Set up data for example

library(tidyverse)
library(flm.NE.WNV) 
library(MuMIn)

# Read in population data
pop = flm.NE.WNV::NE_county_pops  %>% 
  filter(year >= 2002) %>% 
  as.data.frame()

county_lookup <- pop %>% 
  filter(year == "2010") %>% 
  select(County, fips)%>% 
  as.data.frame()

#Human cases, simulated, based on predicted values from the fitted model. 
cases = flm.NE.WNV::sampledat %>% 
  select(County, year, cases)%>% 
  # # drop Arthur back to 0 to test new zero filling methods
  # mutate(cases = case_when(County == "Arthur" ~ 0,
  #                          TRUE ~ cases)) %>% 
  as.data.frame()

# Read in environmental data
NEdat = flm.NE.WNV::NEdat %>% 
  rename(tmean = temp) %>% 
  mutate(fips = sprintf("31%03d", cofips)) %>% 
  left_join(county_lookup, by = "fips") %>% 
  select(County, fips, year, month, tmean, ppt)%>% 
  as.data.frame()


# Read in spi
spi = flm.NE.WNV::spi %>% 
  mutate(County = trimws(County),
         County = gsub(" ", "", County)) %>% 
  left_join(county_lookup, by = "County") %>% 
  rename(spi = spi1) %>% 
  select(County, fips, year, month, spi)%>% 
  as.data.frame()

# Read in spei
spei = flm.NE.WNV::spei %>% 
  mutate(County = trimws(County),
         County = gsub(" ", "", County)) %>% 
  left_join(county_lookup, by = "County") %>% 
  rename(spei = spei1) %>% 
  select(County, fips, year, month, spei)%>% 
  as.data.frame()

# Specify the last date to use -- package data incomplete for 2019
target.date = "2016-02-01" 
#target.date = "2019-03-01" -- this should fail with an error
# Specify the first year of data to use
start.year = 2002

# Specify lag lengths to use
lag.lengths = c(12, 18) #c(12, 18, 24, 30, 36)

#For consistent results with simulated data
in.seed = 4872957 # set = NULL if you have actual case data

Some basic quality control on synthetic data

Our approach struggles if there are counties with no cases, so we eliminate those counties (two in the simulated data).

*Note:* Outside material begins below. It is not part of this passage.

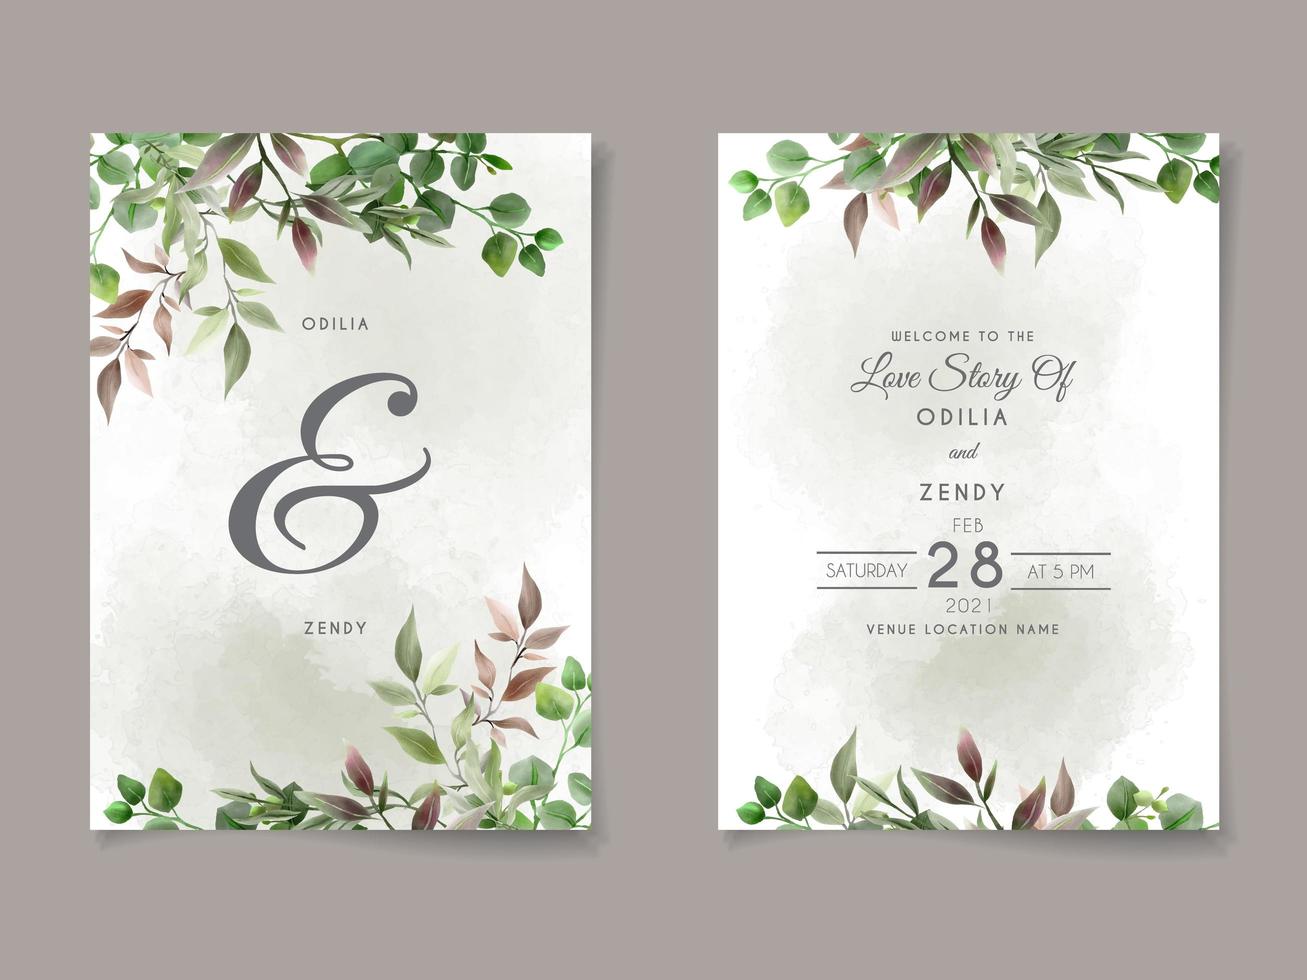 Beautiful floral wedding invitation card template vector

data <- assemble.data.lags(pop, cases, NEdat, spi, spei, 
                           target.date, start.year, in.seed, lag.lengths)
allLagsT <- data[[1]] # 2004 - 2017
allLags0 <- data[[2]] # 2018
# how many counties lack cases? Should be none.
allLagsT %>% group_by(County) %>% 
  summarize(total_cases = sum(cases)) %>% 
  filter(total_cases == 0)

allLagsT %>% group_by(County) %>% 
  summarize(total_cases = sum(cases)) %>% 
  filter(total_cases > 0)

# to identify counties to fill in
allunits <- unique(cases$County)
missingunits <- !(allunits %in% unique(allLagsT$County))
allunits[missingunits]

What does the state total look like plotted against time?

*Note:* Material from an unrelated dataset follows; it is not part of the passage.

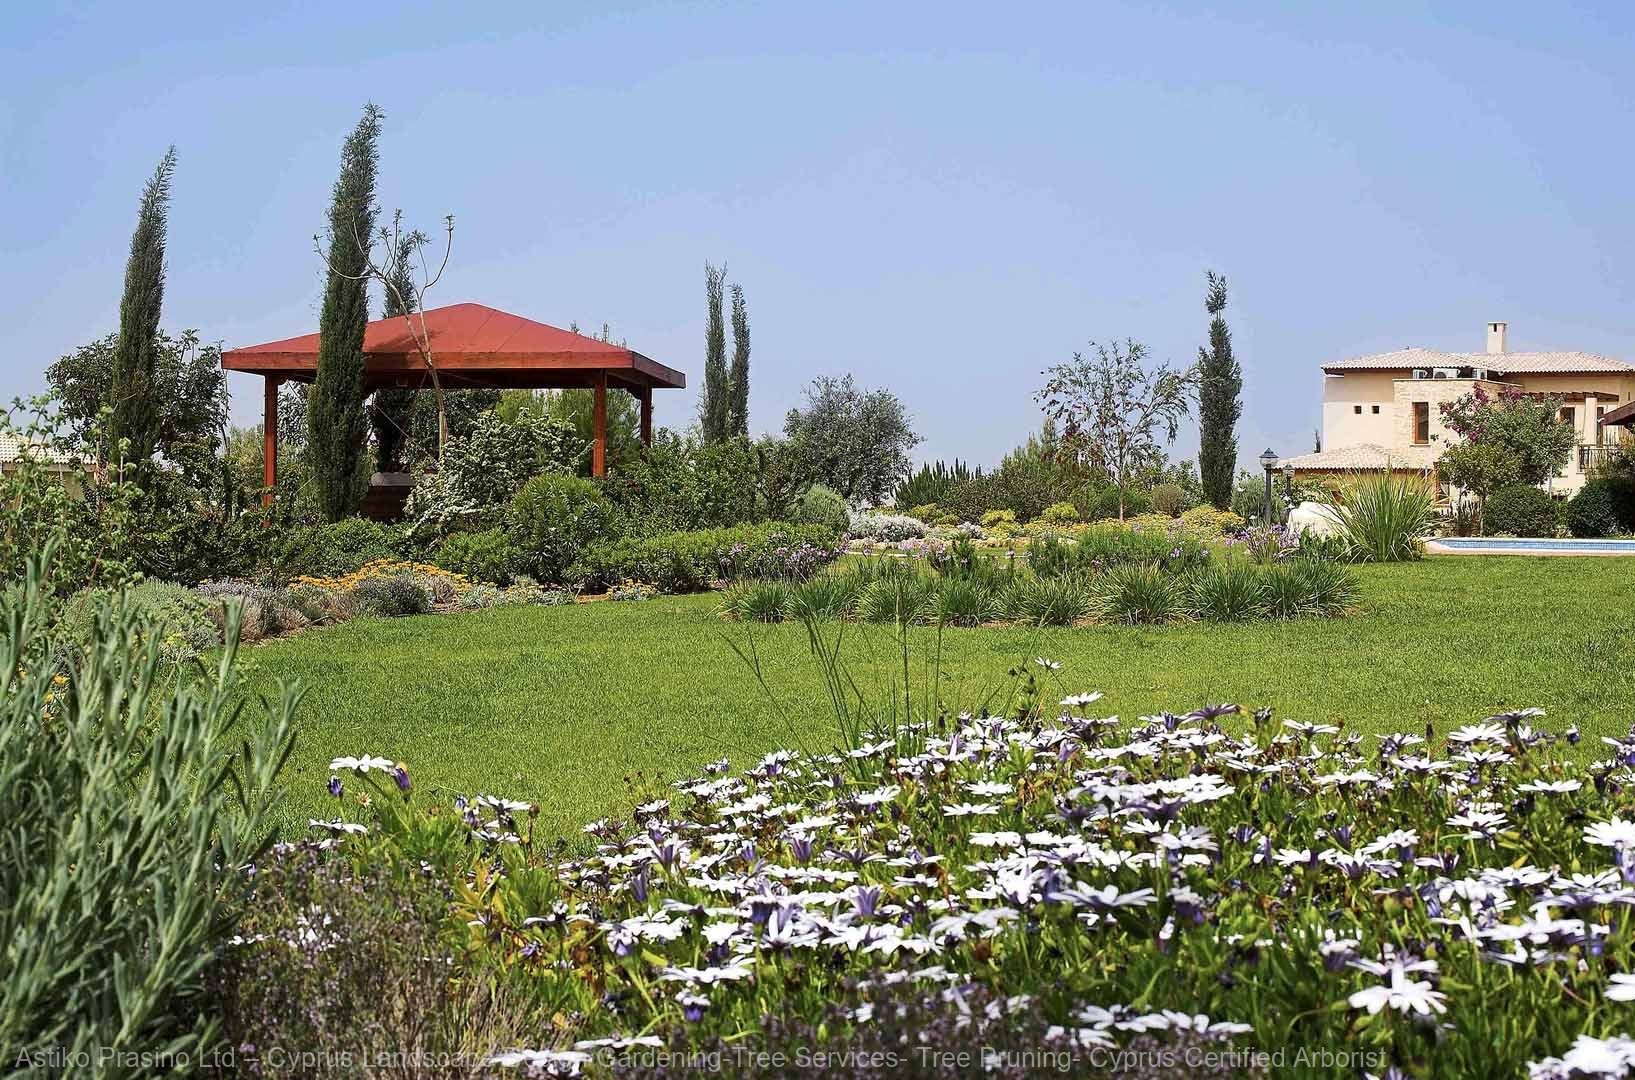 Astiko Prasino Ltd – Cyprus Landscape Design Gardening-Tree Services- Tree Pruning- Cyprus Certified Arborist

allLagsT %>% group_by(year) %>% 
  summarize(total_cases = sum(cases)) %>% 
  ggplot() + 
  geom_point(mapping = aes(x = year, y = total_cases))

Run the model

This chunk assembles data and runs models, using all combinations of lagged data for mean temperature, precipitation, SPI and SPEI.

Note: It takes about 5 minutes to run the models with a lag of 9. It takes 25 minutes to run all the models with the set of default lags.

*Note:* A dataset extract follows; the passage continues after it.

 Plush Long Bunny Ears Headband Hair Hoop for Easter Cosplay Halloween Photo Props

flm.results = call.flm(pop, cases, NEdat, 
                       spi, spei, target.date, start.year, 
                       in.seed = in.seed, lag.lengths = 12,
                       fillzeros = TRUE,
                       nsim = 10,
                       predict_from = "best")

Overview of model chosen by AIC

top <- flm.results[[3]]$AICbest

mod <- summary(flm.results[[3]]$fittedModels[[top]])
mod

View predictions from best-fit model

flm.results[[1]][[top]]

dist_lag_terms <- extract_functional(flm.results[[3]]$fittedModels[[top]]) %>% 
  mutate(lcl = fit - 1.96*se,
         ucl = fit + 1.96*se)
ggplot(data = dist_lag_terms) + 
  geom_line(mapping = aes(x = x, y = fit)) +
  geom_ribbon(mapping = aes(x = x, ymin = lcl, ymax = ucl), alpha = 0.2)+
  facet_wrap(~label)

aictable <- model.sel(flm.results[[3]]$fittedModel)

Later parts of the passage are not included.